Leo Tolstoy letter

by Drue 1 Replies latest watchtower beliefs

  • Drue
    Drue

    Here’s a letter a famous Russian writer Leo Tolstoy wrote to his accusers when he was excommunicated from the Russian Orthodox Church.

    I find the parallels in the Church’s dealings with him remarkably similar to those of the WTS when accusing the so-called ‘apostates’ of being ‘proud’, rebellious etc.

    Ironically, the letter is reproduced in the official web-site of JWs in Russia ( http://www.jw-russia.org/eng/frames/press.htm). To people in Russia the WT evidently try to present themselves as fighters for religious freedom and tolerance (whereas making the Russian Orthodox Church appear as enemies for such freedom). JWs do not acknowledge that their shunning policy is much more unkind than ROC’s attitude and that they do deny people who disagree with them the same privilege ROC denied to Tolstoy.

    The bold in the text below is mine.

    To the Decree of the Synod of February 20-22 and to Letters Received by Me on That Occasion

    "He who begins by loving Christianity better than truth will proceed by loving his own sect or church better than Christianity, and end in loving himself better than all." - Coleridge

    At first I had no intention of answering the decree of the Synod concerning me, but this decree called forth a very large number of letters, in which correspondents who are unknown to me either scold me for denying what I do not deny, or admonish me to believe in what I have not stopped believing in, or again express their fellowship of ideas with me, which hardly exists in reality, and their sympathy, to which I have hardly a right; and so I have decided to answer the decree itself, pointing out what is unjust in it, and the letters of my correspondents, whom I do not know.

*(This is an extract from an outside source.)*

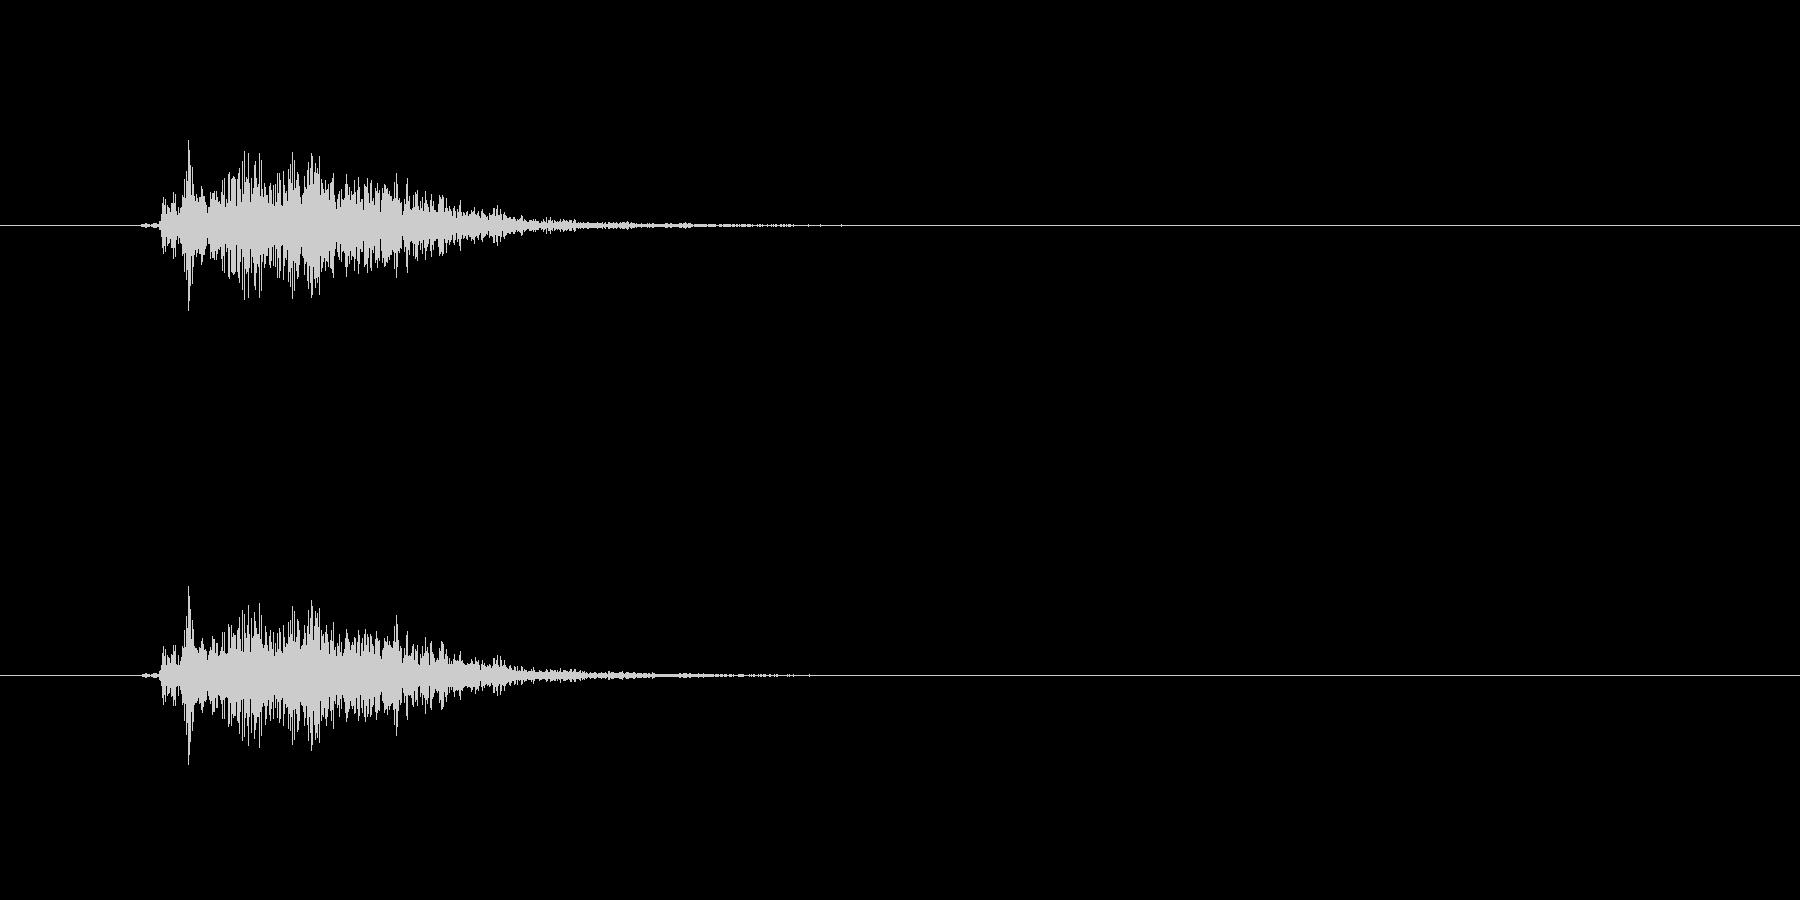 【モンスター02-05】の未再生の波形
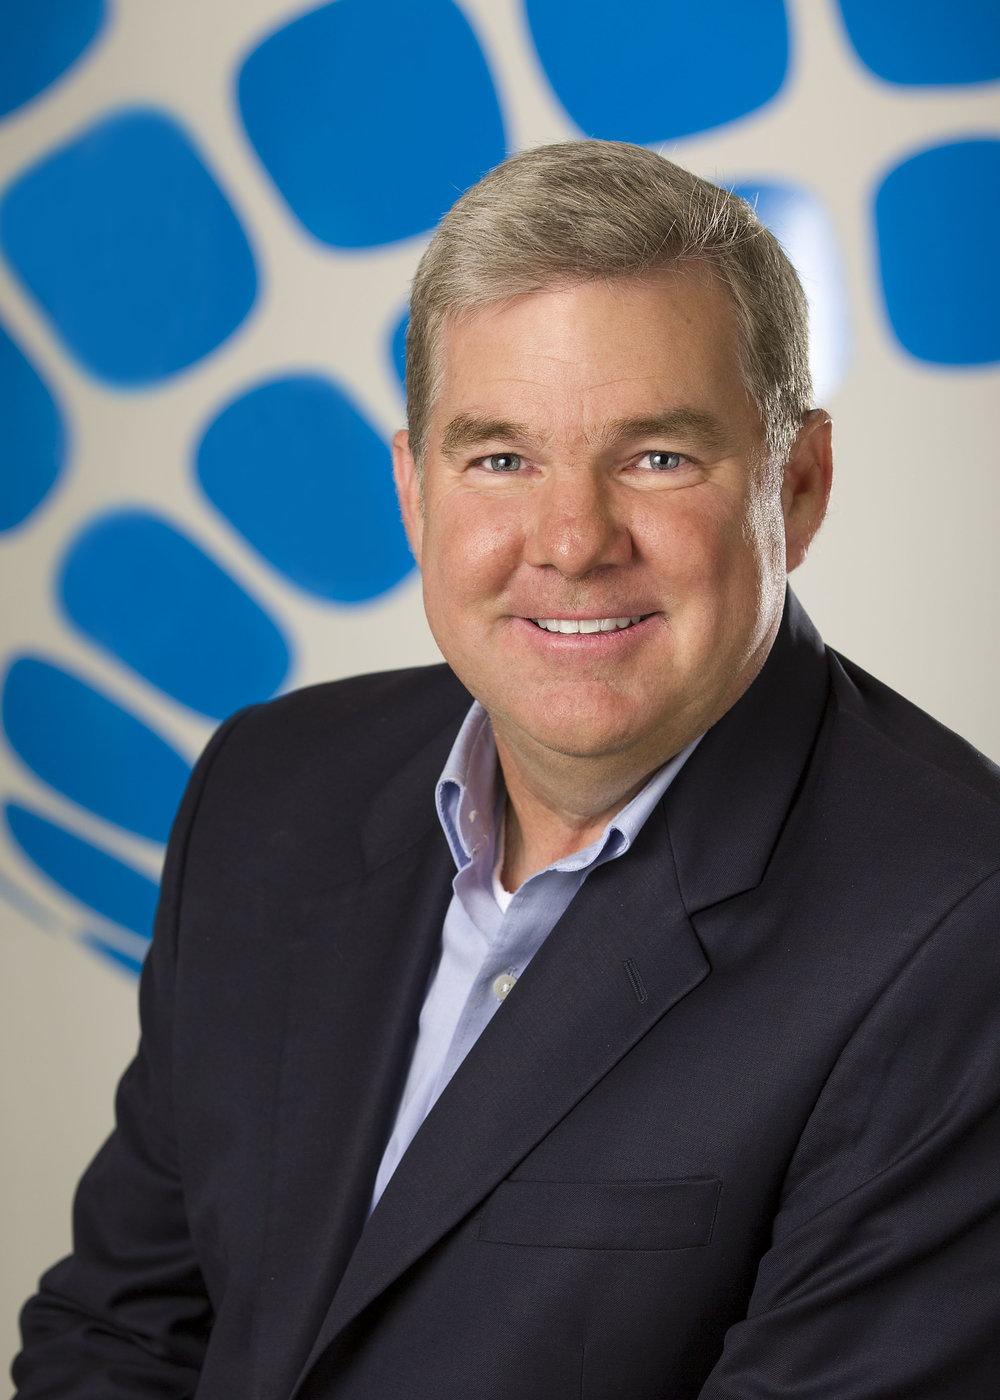 <b>Kevin Fitzgerald</b><br>VP Sales, Netsertive

    The decree of the Synod has, in general, very many faults. It is illegal, or intentionally ambiguous; it is arbitrary, ungrounded, untruthful, and besides, contains libel and incitements to evil sentiments and acts.

    It is illegal, or intentionally ambiguous, because, if it is meant to be an excommunication from the church, it does not satisfy those ecclesiastic rules by which such an excommunication may be pronounced; but if it is a declaration that he who does not believe in the church and its dogmas does not belong to it, that is self-understood, and such a declaration can have no other aim than this, that though it is in reality not an excommunication, it may appear as such, which actually happened, for it was understood as such.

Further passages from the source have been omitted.